The review of the potential capture of HTs prioritised by the UK’s NHS R&D HTA programme showed that only 10% would be captured in these databases, mainly drugs prescribed in primary care.
The review of the use of routine databases in any form of HT assessment indicated that clinical registers were mainly used for national comparative audit. Some databases have only been used in annual reports, usually time trend analysis. A few peer-reviewed papers used a clinical register to assess the effectiveness of a technology, particularly those with relatively simple outcomes (conceptions from in vitro fertilisation or graft failure in organ transplants).
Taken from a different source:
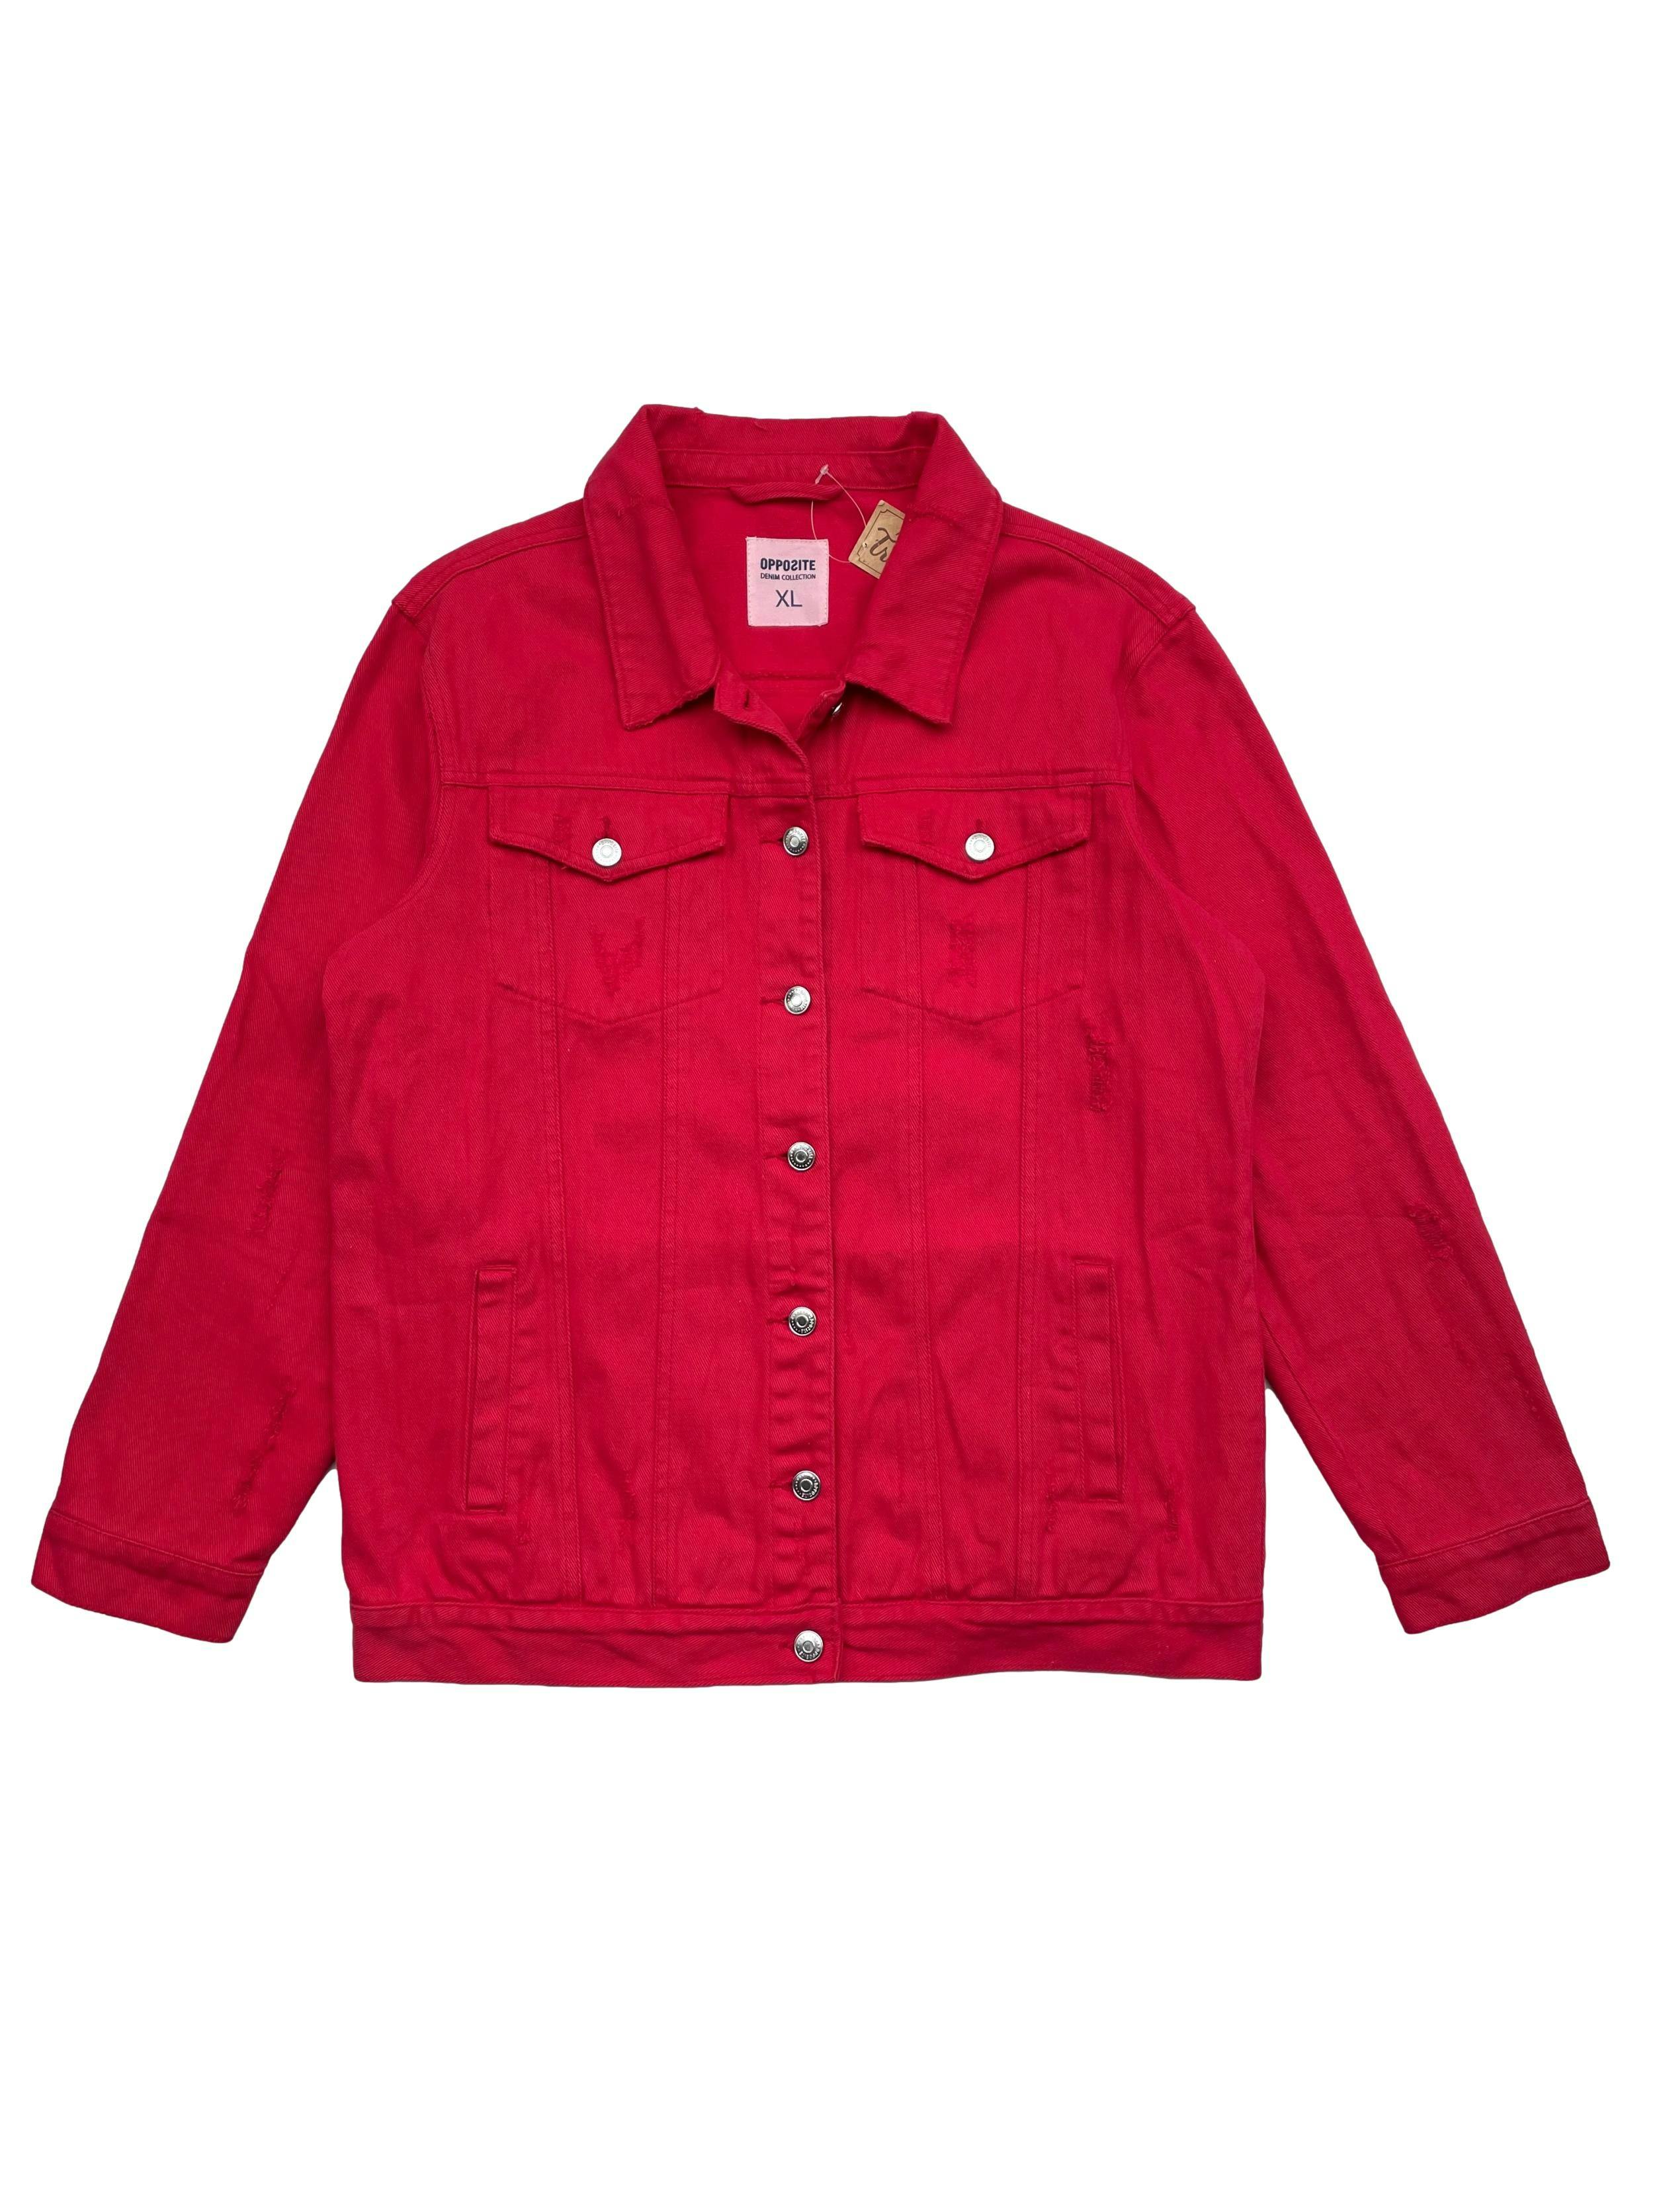 Casasa Opposite roja de jean 100%  algodón, con rasgados, botones metálicos y cuatro bolsillos. Hombros 49cm Busto 110cm Largo 64cm.
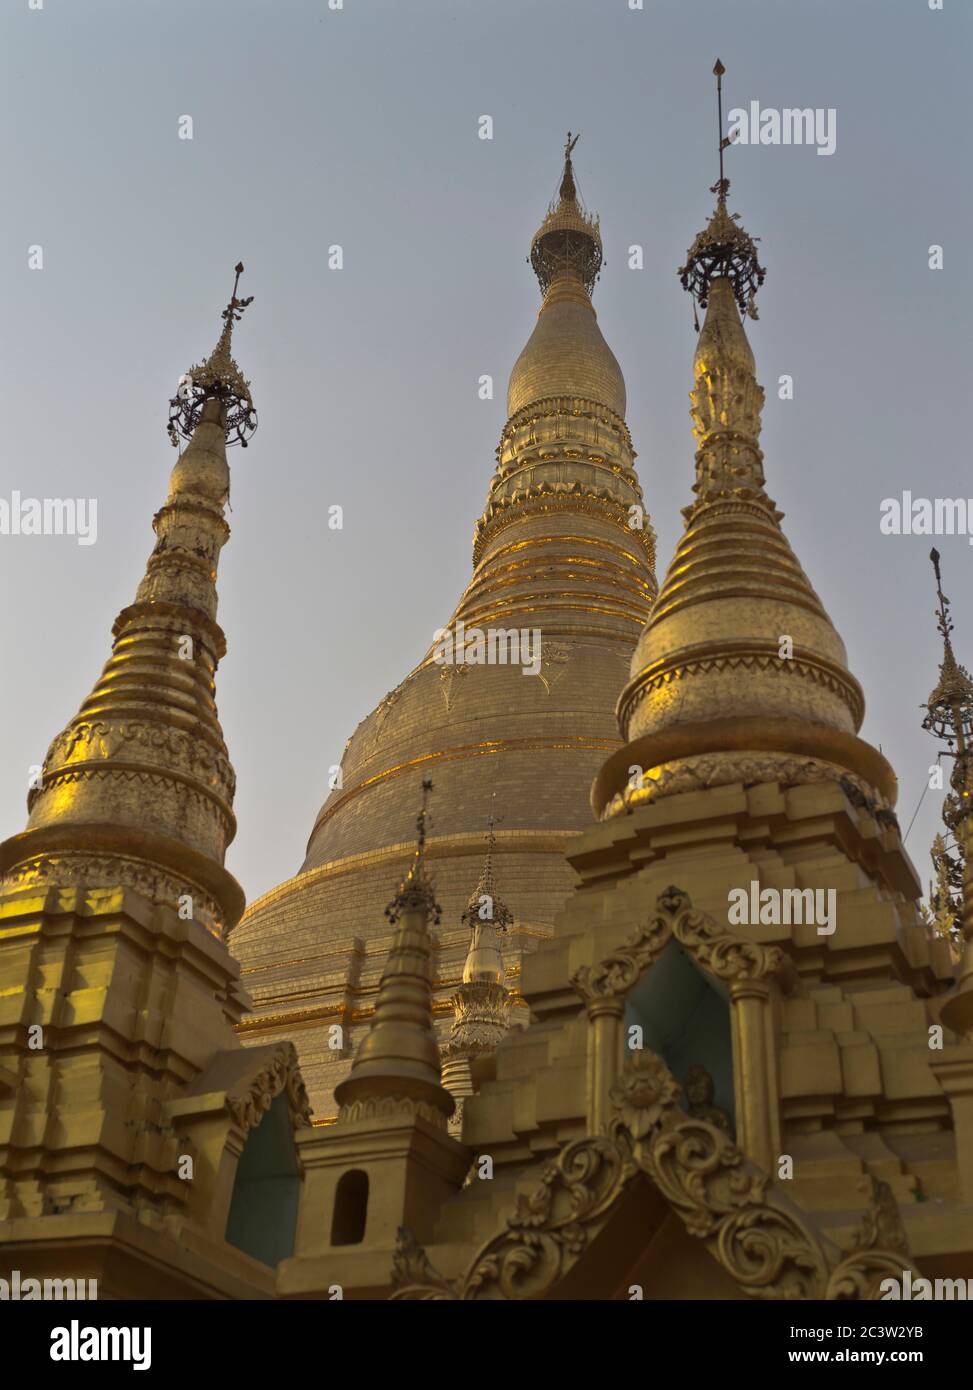 dh Shwedagon Pagoda temple YANGON MYANMAR Burmese Buddhist temples Great Dagon Zedi Daw golden stupa gold leaf Stock Photo

The authorship of such studies suggests that accessibility is a barrier to using most databases.
Clinical administrative databases (group Ib) have been mainly used to build population needs indices and performance indicators.
A review of the validity of used databases showed that although internal consistency checks were common, relatively few had any form of external audit. Some comparative audit databases have data scrutinised by participating units. Issues around coverage and coding have, in general, received little attention.
NHS funding of databases has been mainly for ‘Central Returns’ for management purposes, which excludes those databases with the greatest potential for HT assessment. Funding for these was various, but some are unfunded, relying on goodwill. The estimated total cost of databases in group I plus selected databases from groups II and III has been estimated at £50 million or around 0.1% of annual NHS spend. A few databases with limited potential for health technology assessment account for the bulk of spending.
Conclusions and recommendations for further research
Proposals for policy include clarification of responsibility for the strategic development of databases, improved resourcing, and issues around coding, confidentiality, ownership and access, maintenance of clinical support, optimal use of information technology, filling gaps and remedying deficiencies.
Recommendations for researchers include closer policy links between routine data and R&D, and selective investment in the more promising databases. Recommended research topics include optimal capture and coding of the range of HTs, international comparisons of the role, funding and use of routine data in healthcare systems and use of routine databases in trials and in modelling. Independent evaluations are recommended for information strategies (such as those around the NSFs and various collaborations) and for electronic patient and health records.